Public park in New York, New York

Montefiore Square is a 0.34-acre public park in the Hamilton Heights neighborhood of Manhattan in New York City. The park is operated by the New York City Department of Parks and Recreation in conjunction with the Montefiore Park Neighborhood Association.
Montefiore Square is of the triangle or plaza park type, and is bordered by Broadway to the west, and the intersection of West 138th Street and Hamilton Place to the north. It abuts the 137th Street–City College station of the 1 train. It has a sloping grassy field with stone seating, a large paved plaza and a garden.

== History ==

=== Before condemnation: 1825-1905 ===
The land on which the park now lies was part of a 35 acres farm purchased by John A. Meyer in 1825, which was eventually split into lots and auctioned off. In 1884, the Hebrew Orphan Asylum of New York was built on the south side of West 138th Street bounded by Hamilton Place to the west and Amsterdam Avenue to the east.

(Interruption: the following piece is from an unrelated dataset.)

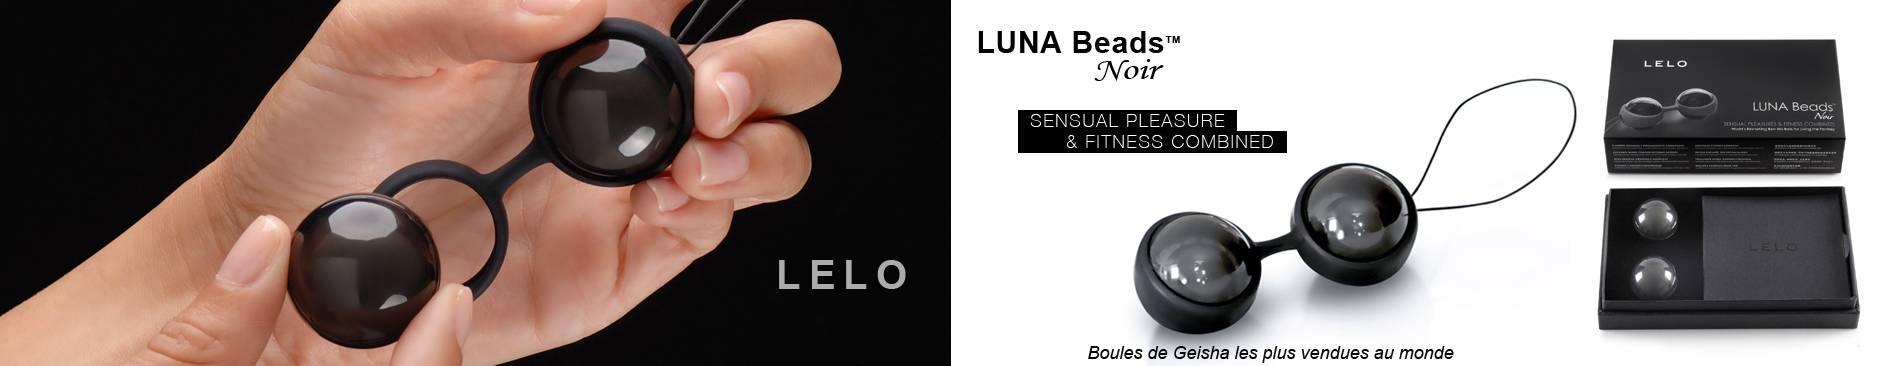 Boules de Geisha - Luna Beads LELO

The orphanage closed in 1941, and the land is now occupied by the east side of Montefiore Square and a middle school campus including a playground.

The Montefiore Home for Chronic Invalids, was initially situated at East 84th Street and Avenue A moved to the corner of West 138th Street and Broadway (then "Boulevard") in 1888. This institute was conceived by representatives of New York's Jewish community and was named in honor of its first contributor, the Jewish philanthropist Moses Montefiore.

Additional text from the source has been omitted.